Give the data below again exactly, and drop each picture from it.
┌─ GIVEN MATERIAL
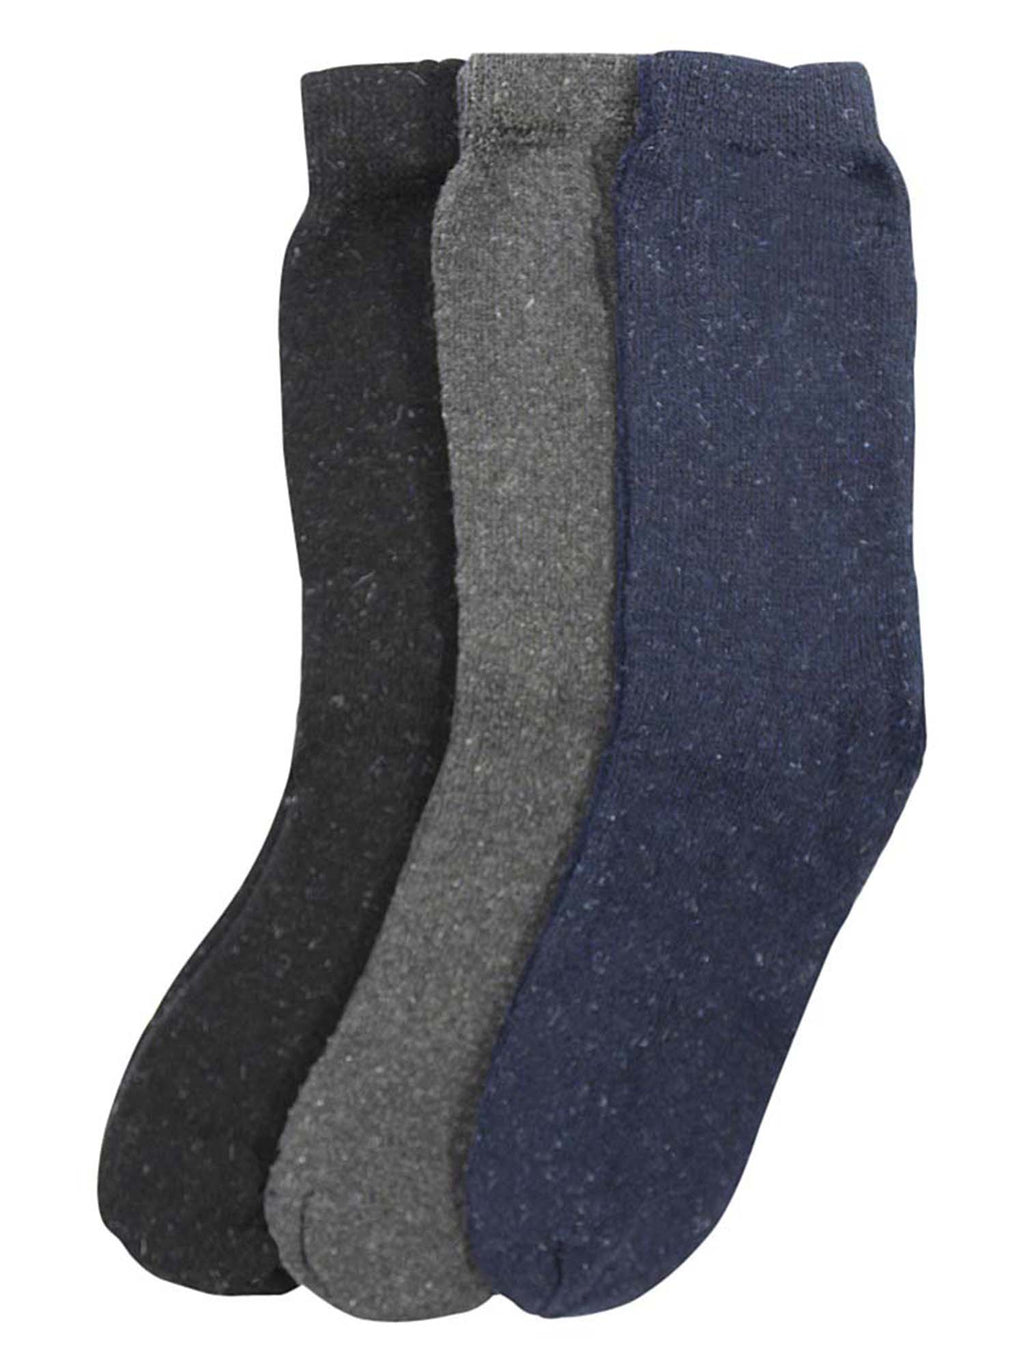 Navy Blue Black & Charcoal Mens Thermal 3 Pack Socks
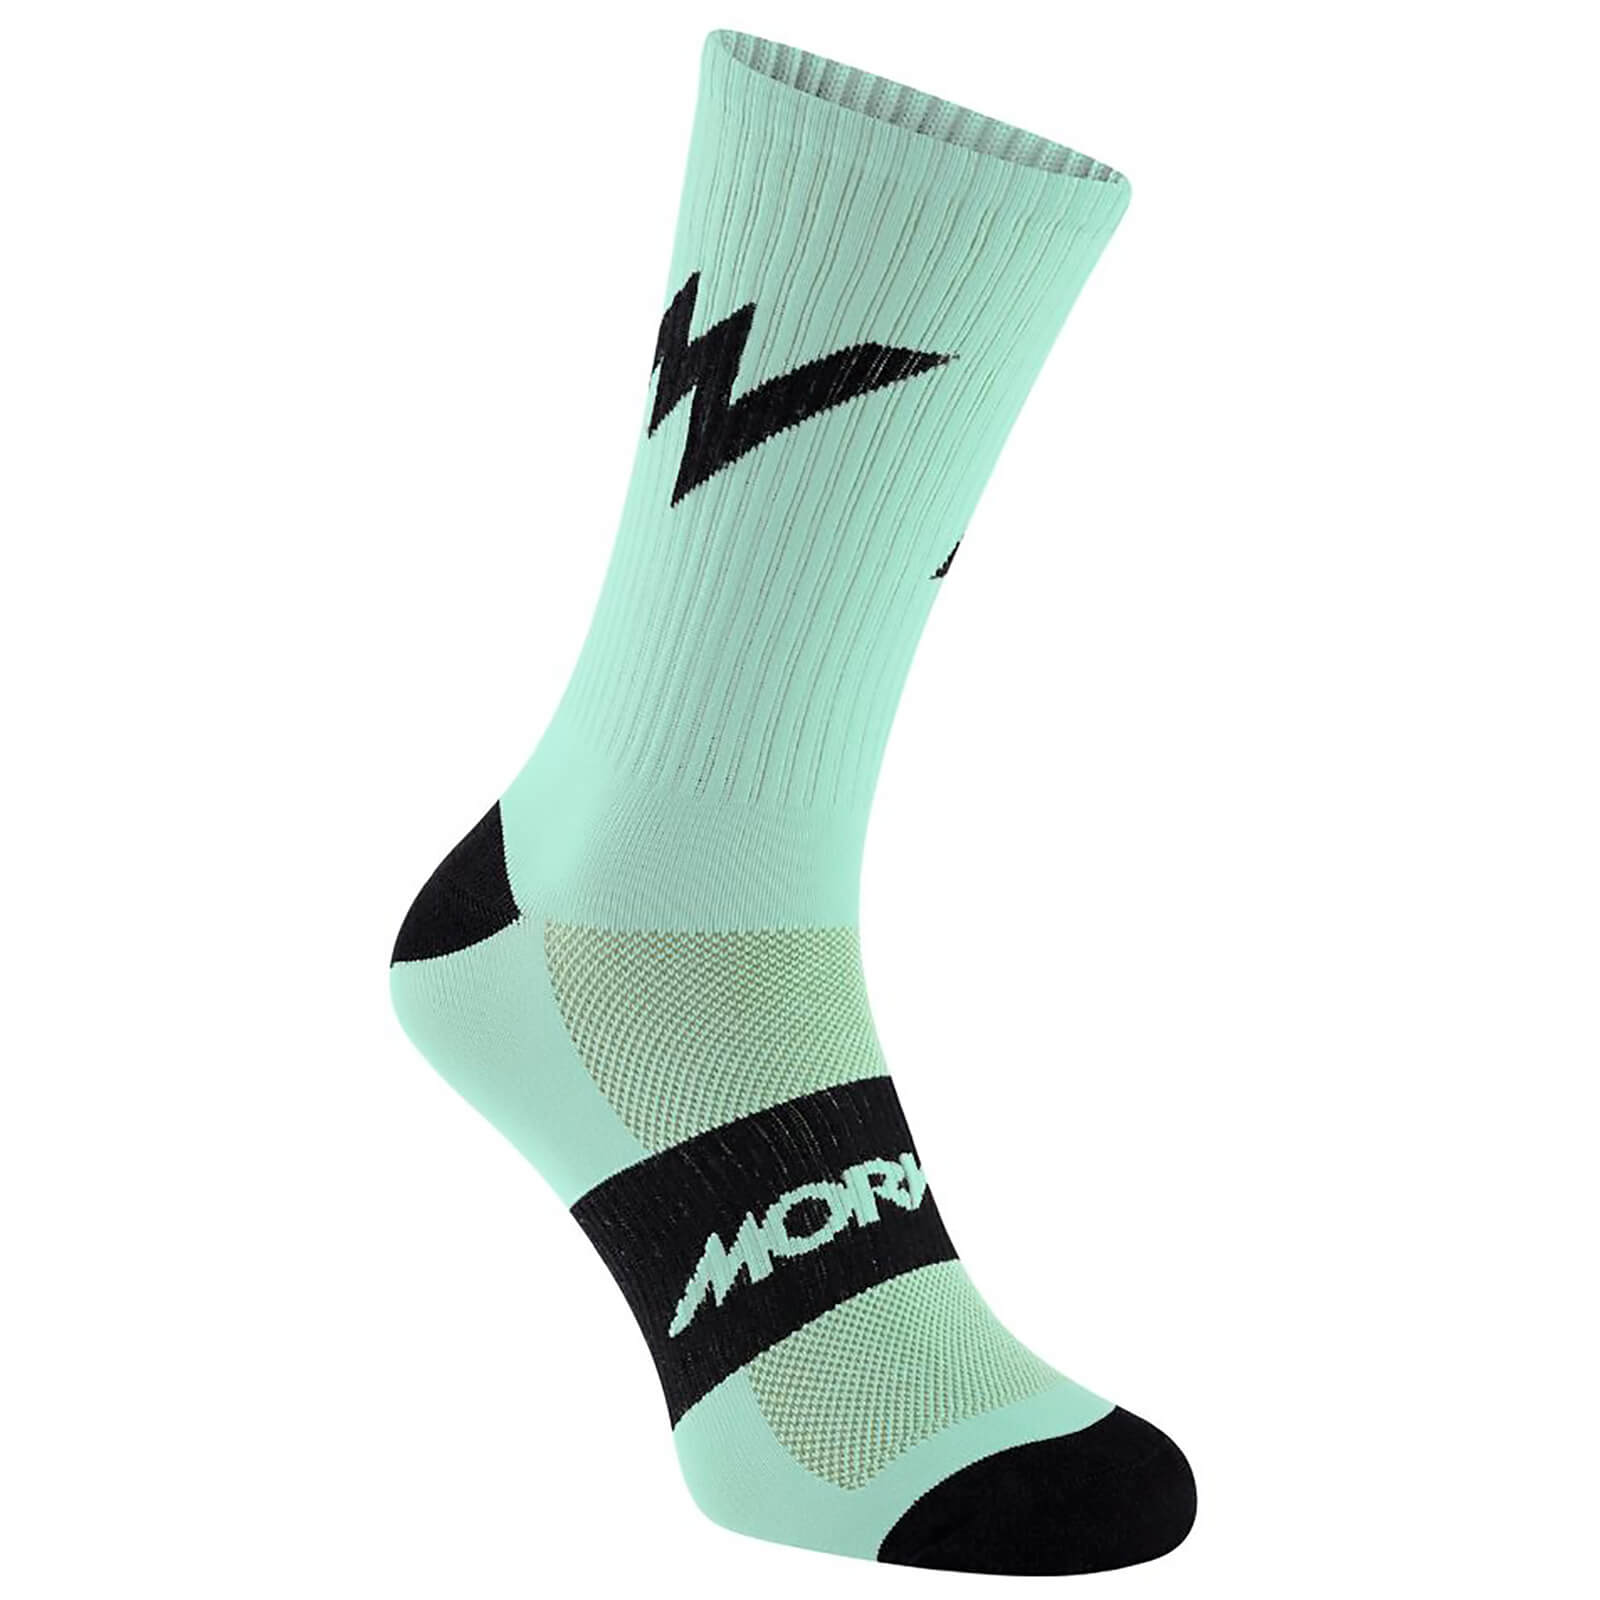 Morvelo Series Emblem Celeste Socks - L/XL
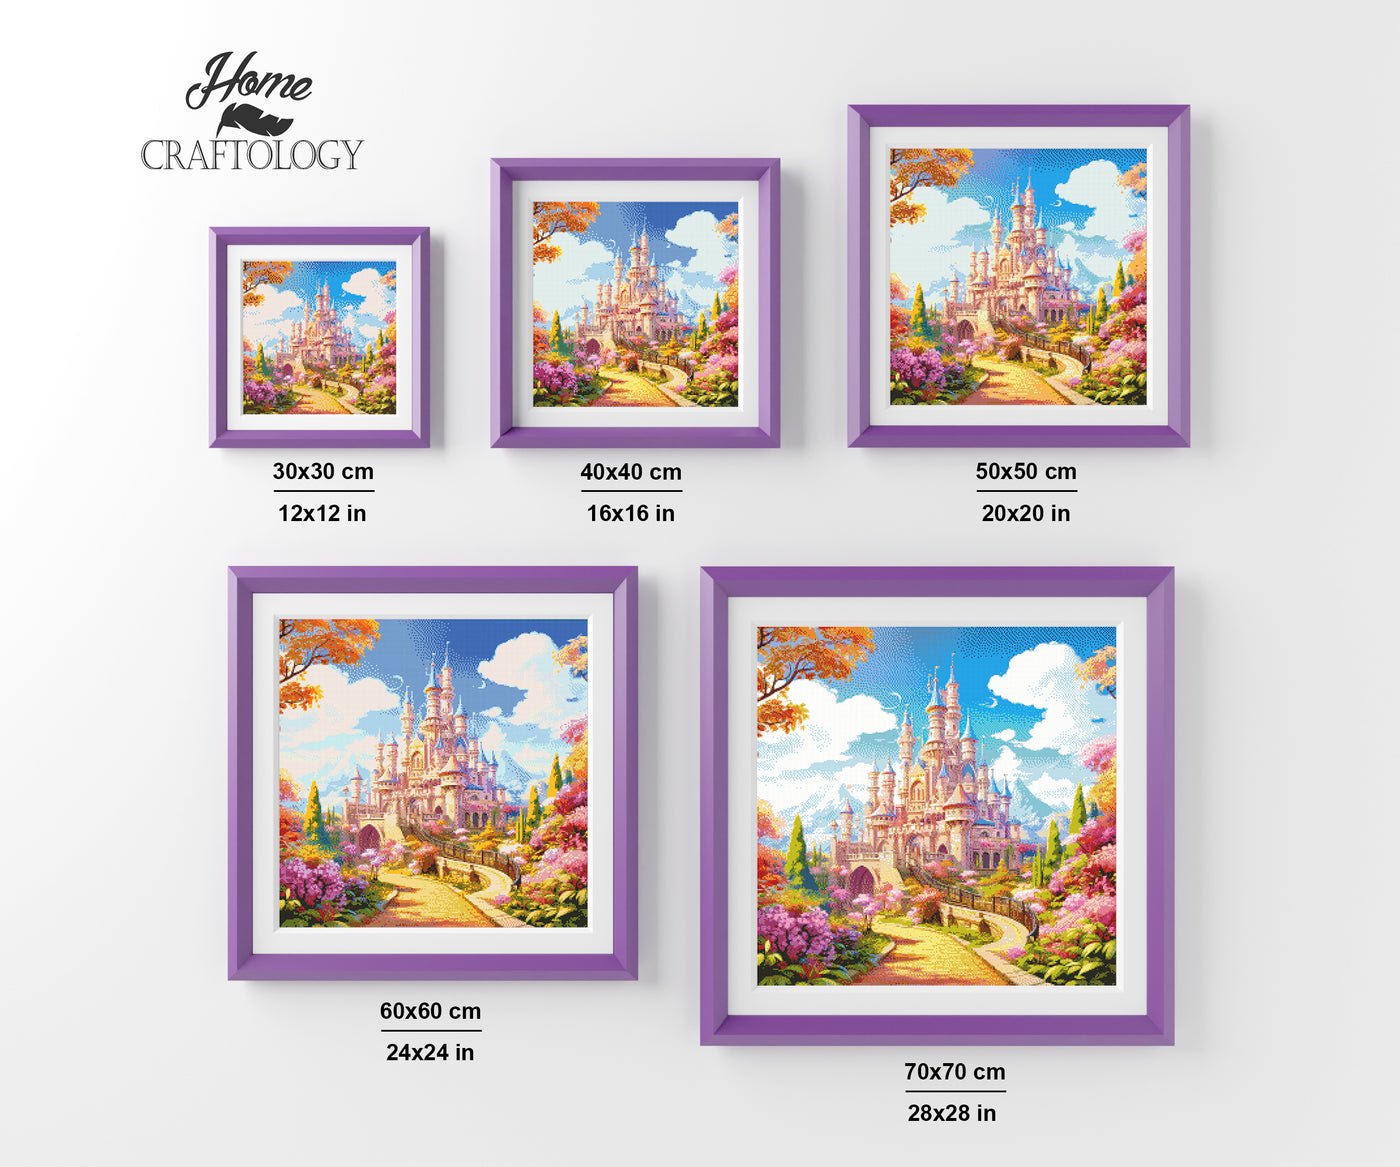 Castle with Colorful Flowers - Premium Diamond Painting Kit
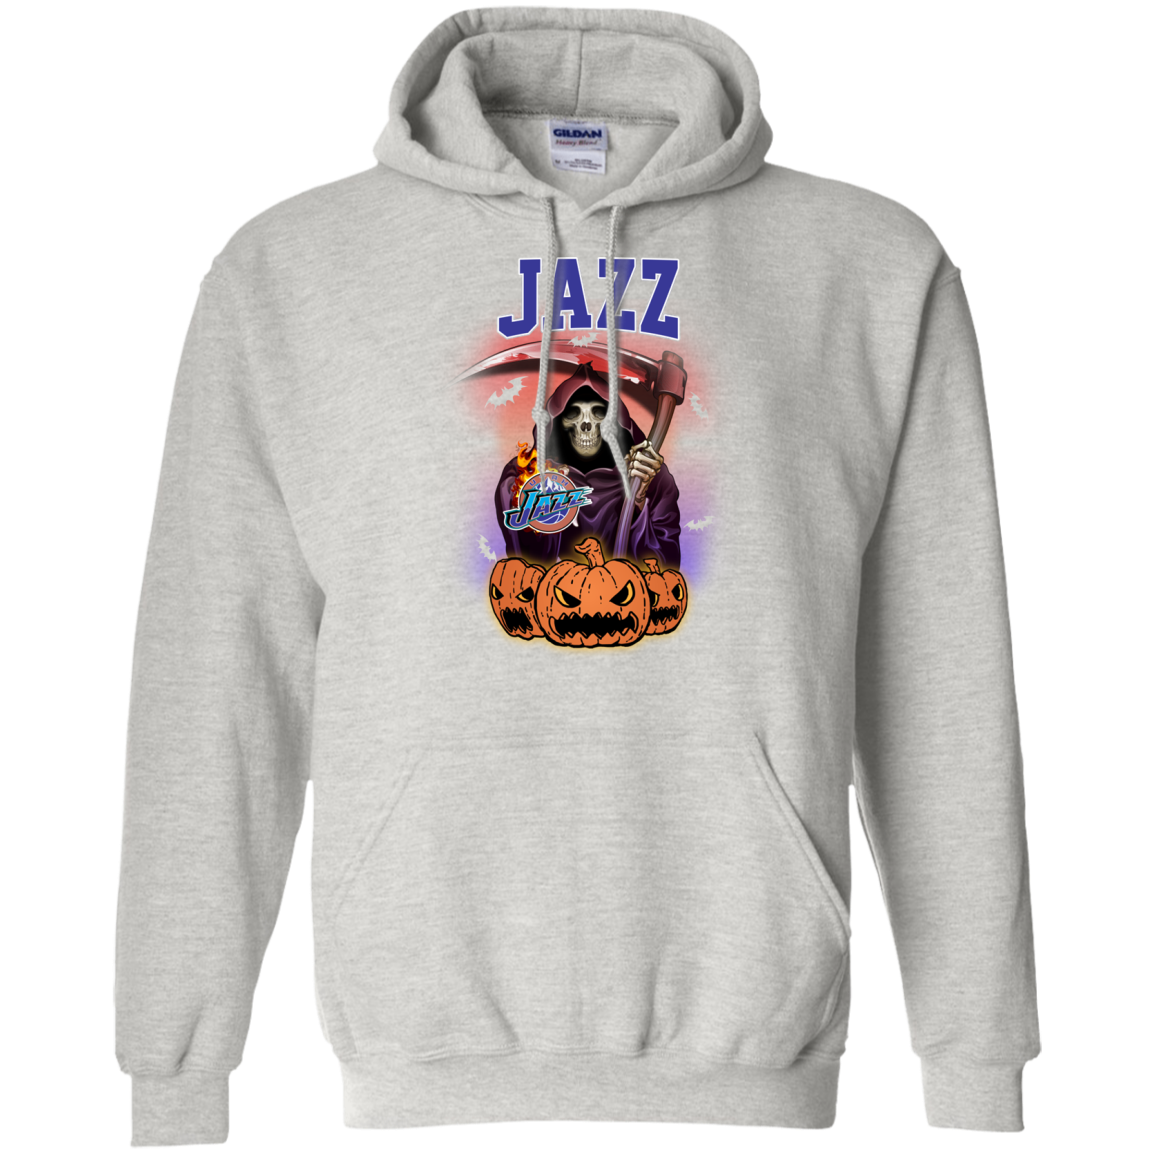 Utah-jazz Reaper The Death Halloween Shirt For Fans 8 Oz.
└─
## EXERCISE ANSWER:
 Navy Blue Black & Charcoal Mens Thermal 3 Pack Socks
 Morvelo Series Emblem Celeste Socks - L/XL
 Castle with Colorful Flowers - Premium Diamond Painting Kit
 Utah-jazz Reaper The Death Halloween Shirt For Fans 8 Oz.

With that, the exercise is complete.